Denial-of-Wallet Attack Patterns
"""
Cost attack pattern analysis for cloud AI services.
For authorized red team assessments only.
"""
def calculate_attack_cost_projection(
requests_per_second: float,
avg_input_tokens: int,
avg_output_tokens: int,
input_cost_per_million: float,
output_cost_per_million: float,
duration_hours: float,
) -> dict:
"""Project the cost of a sustained denial-of-wallet attack."""
total_requests = requests_per_second * 3600 * duration_hours
total_input_tokens = total_requests * avg_input_tokens
total_output_tokens = total_requests * avg_output_tokens
input_cost = (total_input_tokens / 1_000_000) * input_cost_per_million
output_cost = (total_output_tokens / 1_000_000) * output_cost_per_million
total_cost = input_cost + output_cost
return {
"total_requests": int(total_requests),
"total_input_tokens": int(total_input_tokens),
"total_output_tokens": int(total_output_tokens),
"input_cost_usd": round(input_cost, 2),
"output_cost_usd": round(output_cost, 2),
"total_cost_usd": round(total_cost, 2),
"cost_per_hour_usd": round(total_cost / duration_hours, 2),
}
# Example: Sustained attack using GPT-4o at 10 requests/second
projection = calculate_attack_cost_projection(
requests_per_second=10,
avg_input_tokens=100, # Short malicious prompt
avg_output_tokens=4000, # Maximum output
input_cost_per_million=2.50, # GPT-4o input
output_cost_per_million=10.00, # GPT-4o output
duration_hours=24,
)
# Result: ~$34,560 in 24 hours from a single compromised keyProvisioned Throughput Abuse
Beyond pay-per-token costs, cloud AI providers offer provisioned throughput (reserved capacity) that costs significantly more:
- AWS Bedrock Provisioned Throughput: Billed hourly at rates up to $50+/hour per model unit. Creating provisioned throughput with a compromised credential can cost thousands before detection.

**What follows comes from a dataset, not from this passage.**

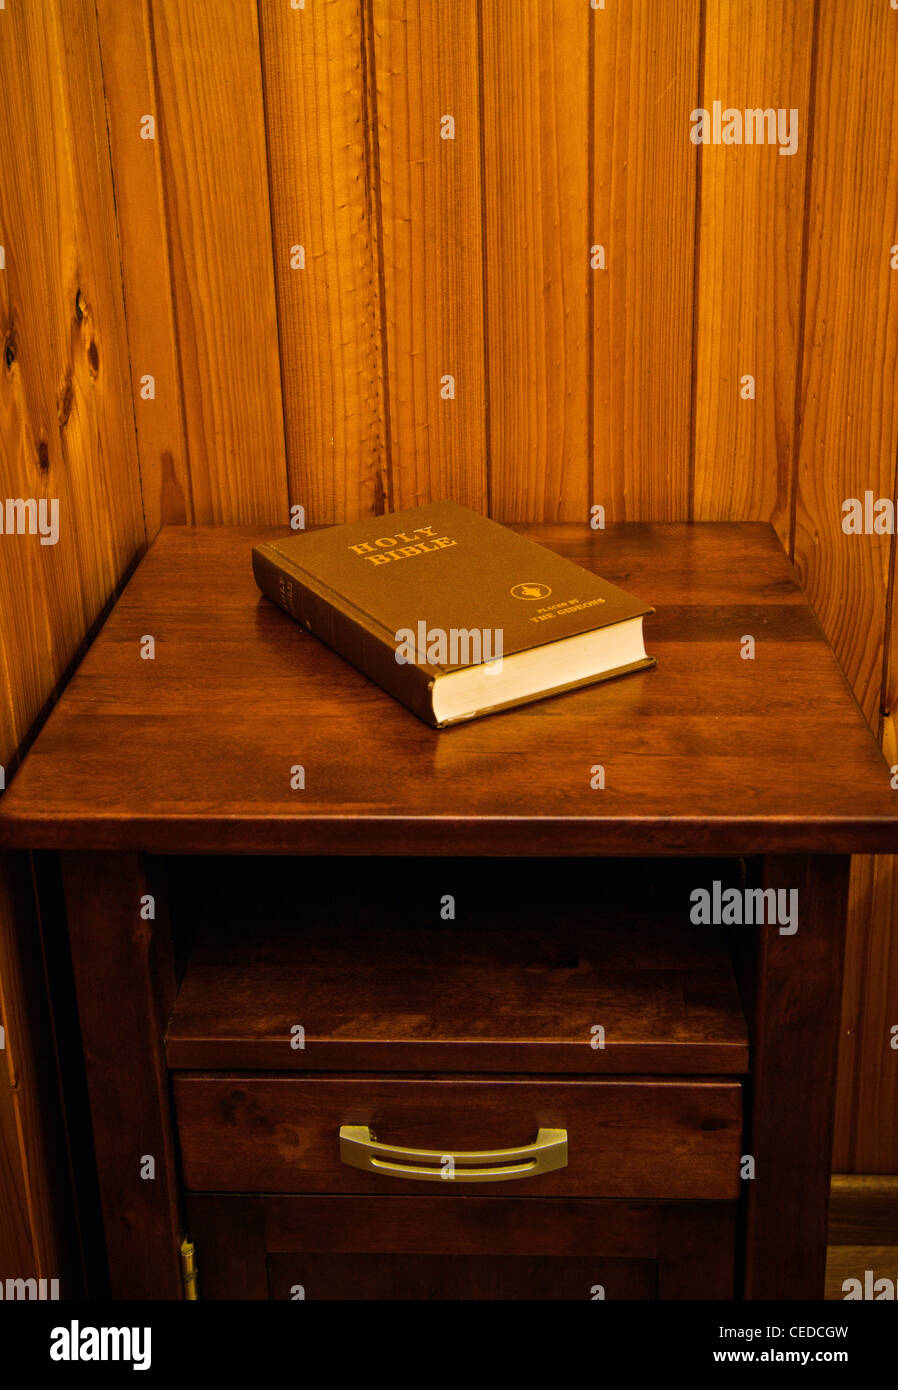 bible on bed side table in cheap hotel room Stock Photo

- Azure OpenAI Provisioned-Managed: PTU (Provisioned Throughput Units) are committed capacity billed hourly. An attacker creating a large PTU deployment generates immediate financial liability.
- GCP Vertex AI Provisioned Throughput: Reserved capacity for Gemini models, billed on commitment.
import boto3
from botocore.exceptions import ClientError
def test_provisioned_throughput_controls(
session: boto3.Session,
region: str = "us-east-1",
) -> dict:
"""Test whether provisioned throughput creation is properly restricted."""
bedrock = session.client("bedrock", region_name=region)
findings = []
# Test 1: Can the current identity create provisioned throughput?
try:
# Use a dry-run approach: try to create with invalid parameters
# to test IAM permissions without actually provisioning
response = bedrock.create_provisioned_model_throughput(
modelUnits=1,
provisionedModelName="security-test-do-not-create",
modelId="anthropic.claude-3-haiku-20240307-v1:0",
)
# If we get here, the identity has the permission
# Immediately delete the provisioned throughput
bedrock.delete_provisioned_model_throughput(
provisionedModelId=response["provisionedModelArn"]
)
findings.append({
"severity": "HIGH",
"finding": "Identity can create provisioned throughput",
"detail": "This identity can create provisioned model throughput, "
"which could cost $50+/hour per model unit. Restrict "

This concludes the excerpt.